**WHAT YOU SHOULD DO**
Copy out the whole listing exactly as written, leaving the pictures behind.

DATA EXTRACT Block Start

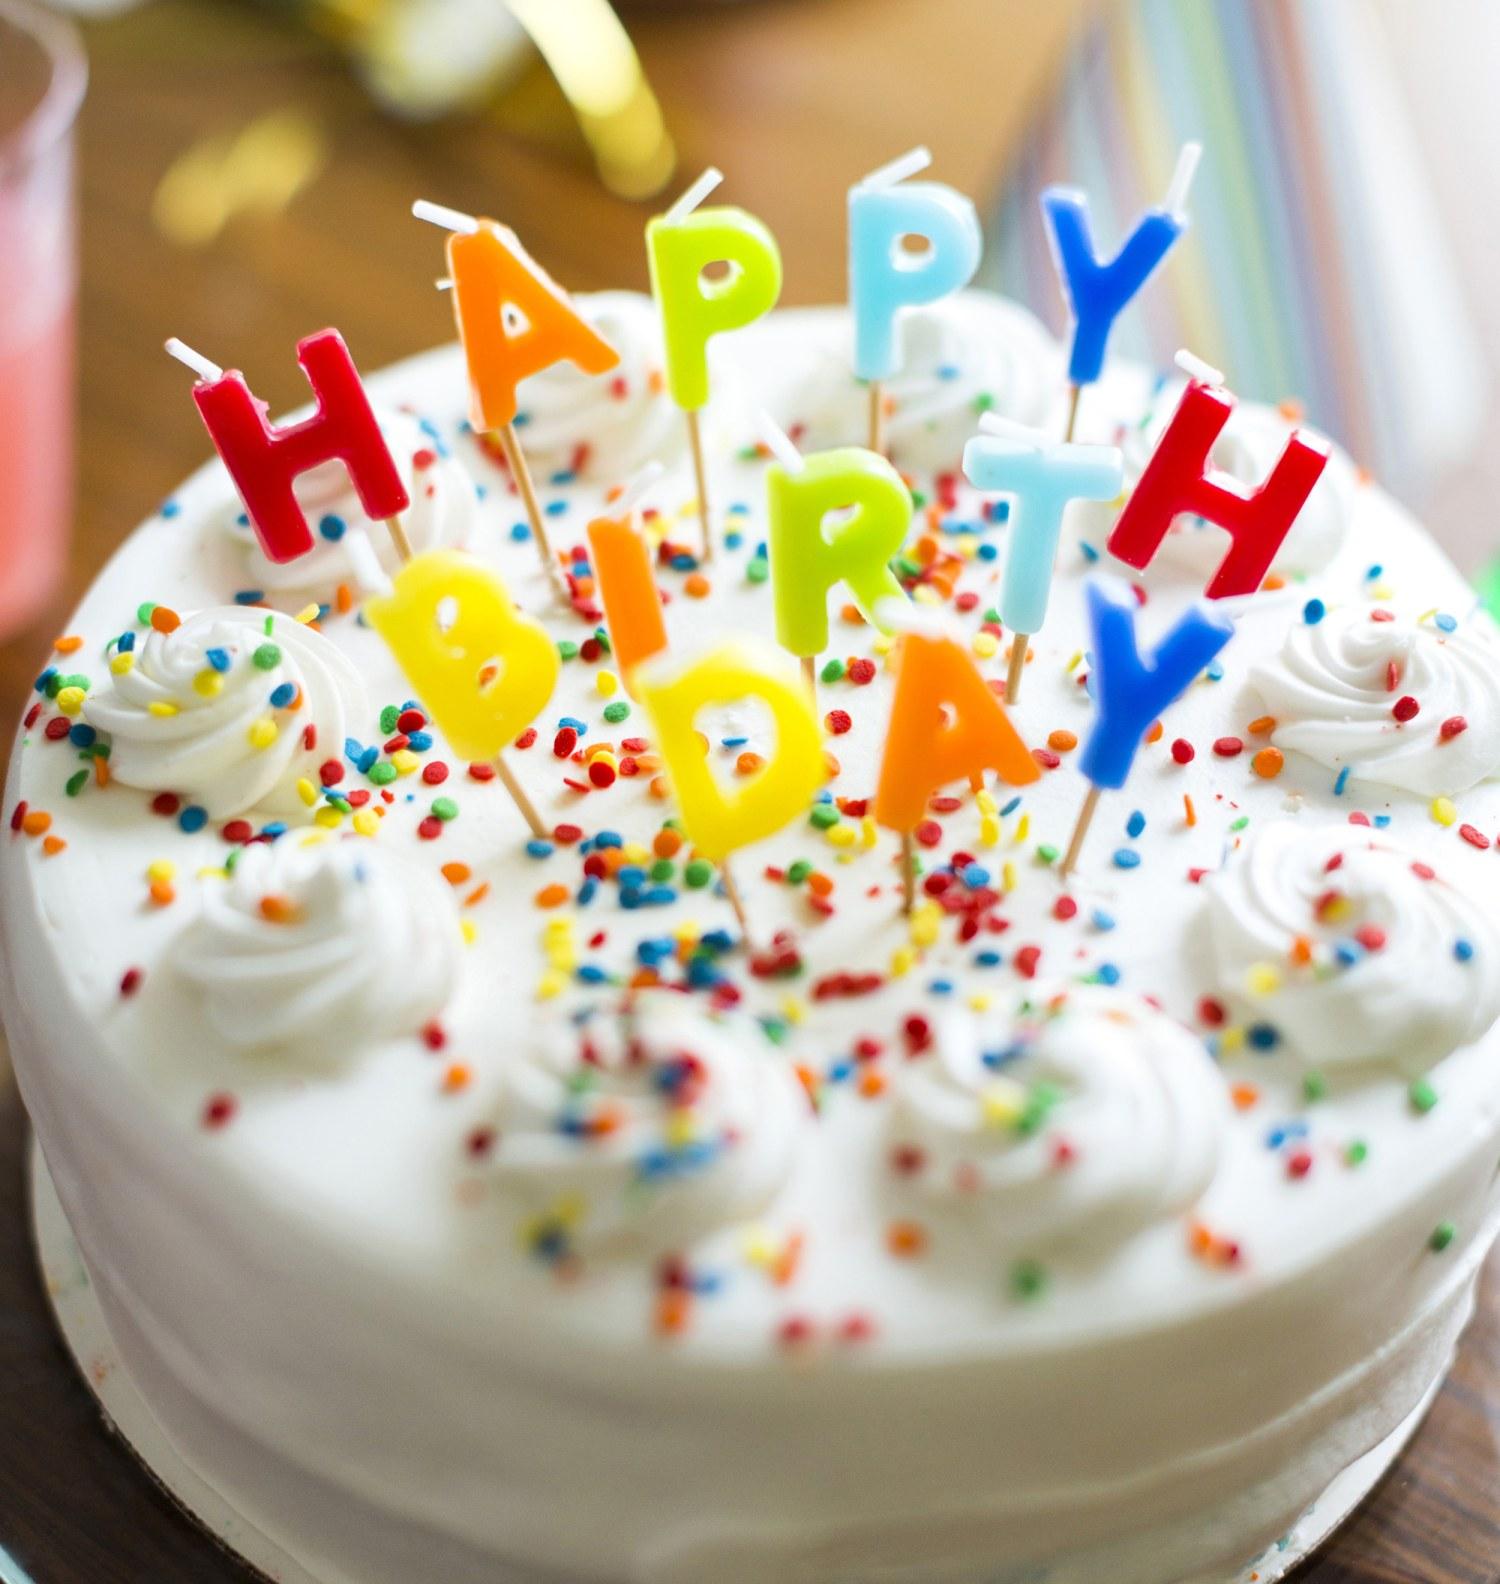 150922-happy-birthday-10p.jpg
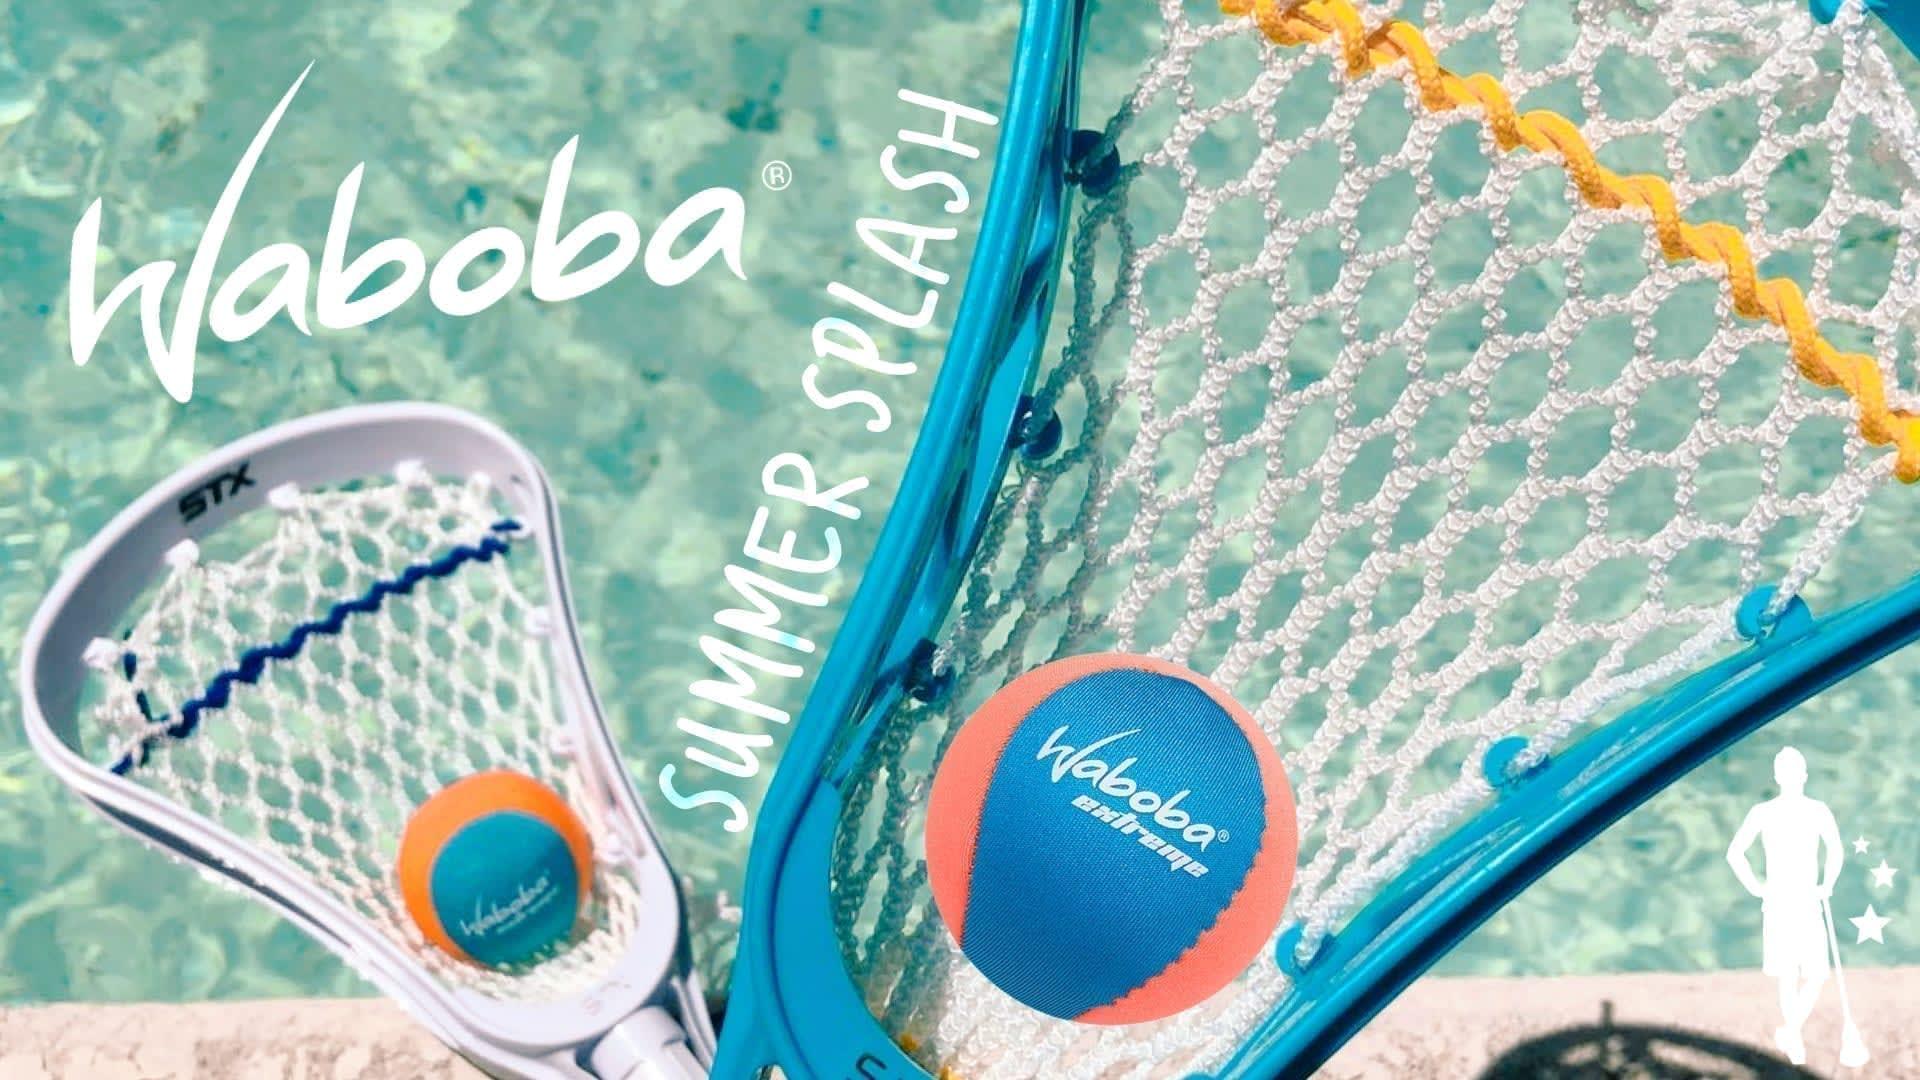 waboba summer splash challenge contest free waboba laxallstars lacrosse
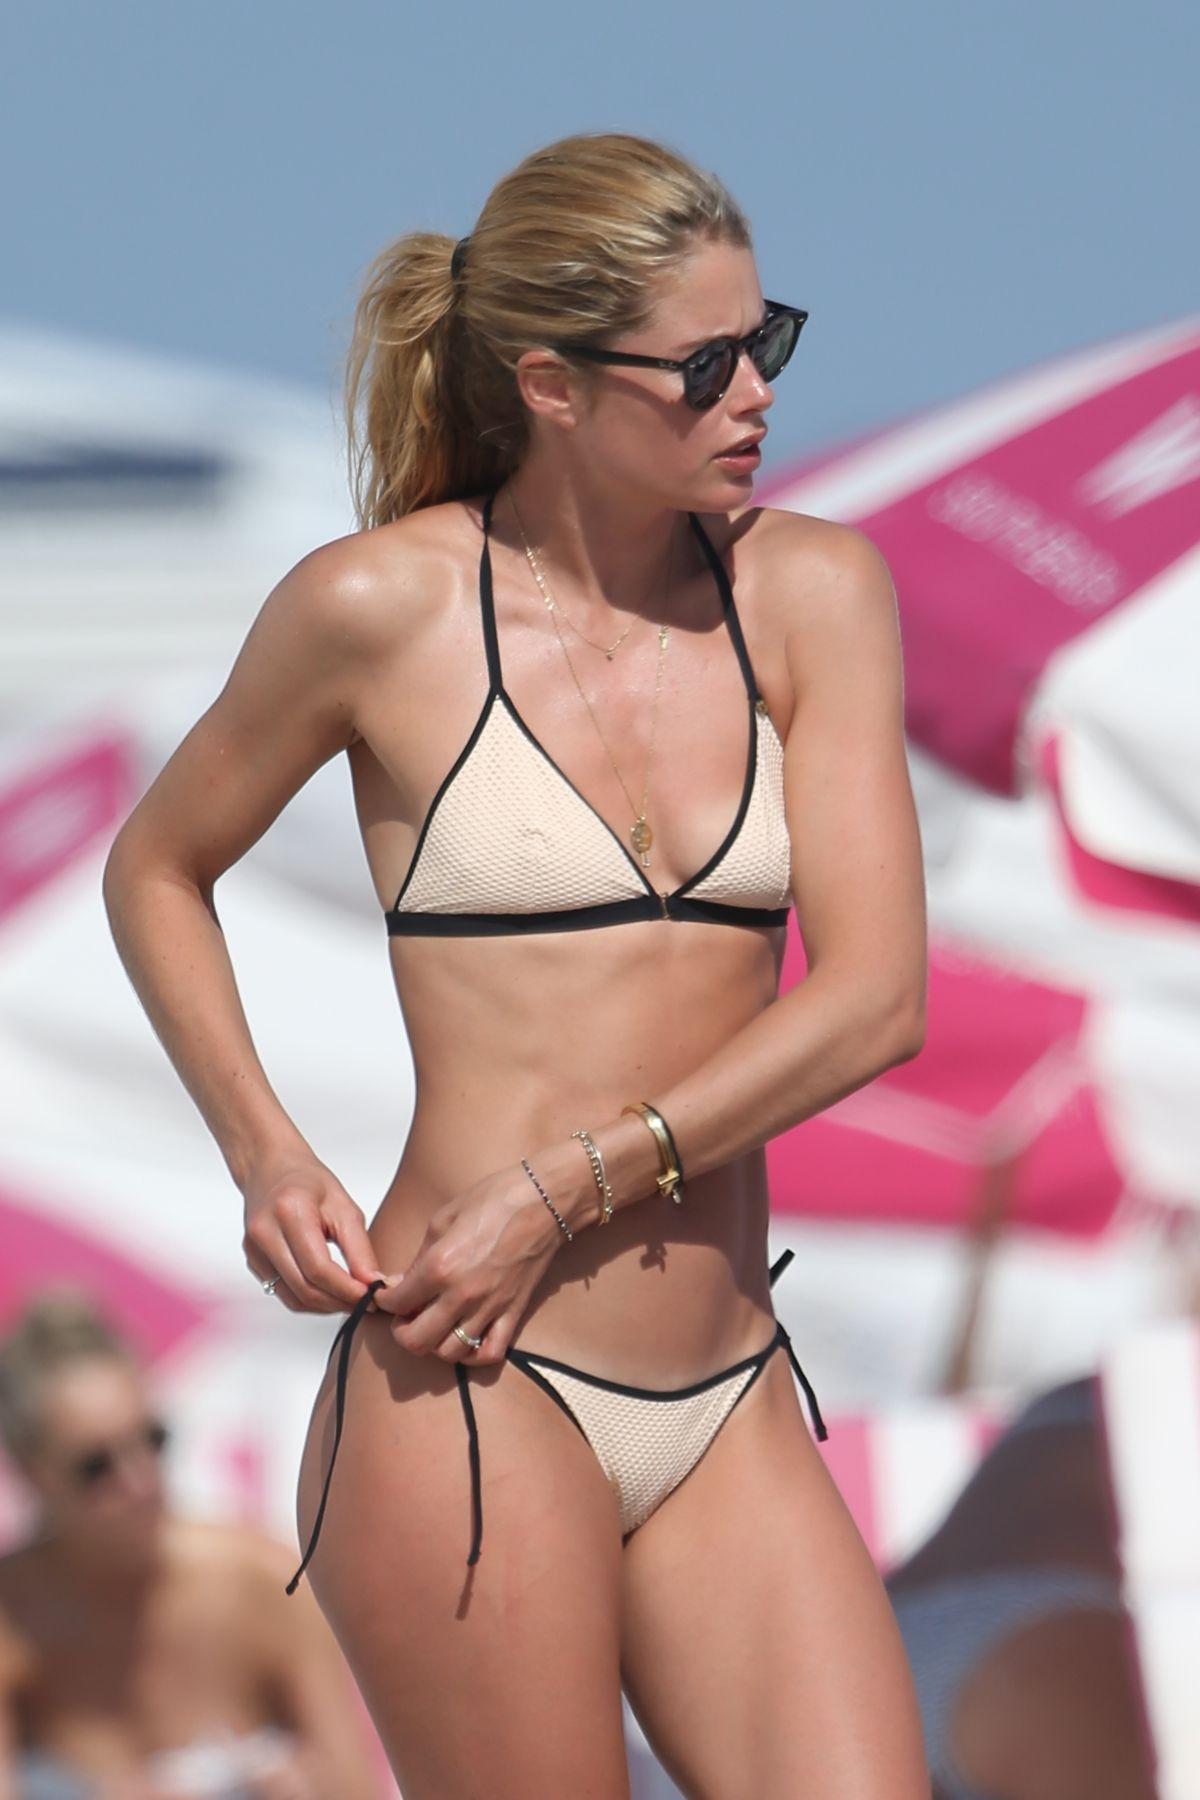 DOUTZEN KROES in Bikini on the Beach in Miami 31/12/2016

DATA EXTRACT Block End

**RESULT FOR THIS EXERCISE**
 150922-happy-birthday-10p.jpg
 waboba summer splash challenge contest free waboba laxallstars lacrosse
 DOUTZEN KROES in Bikini on the Beach in Miami 31/12/2016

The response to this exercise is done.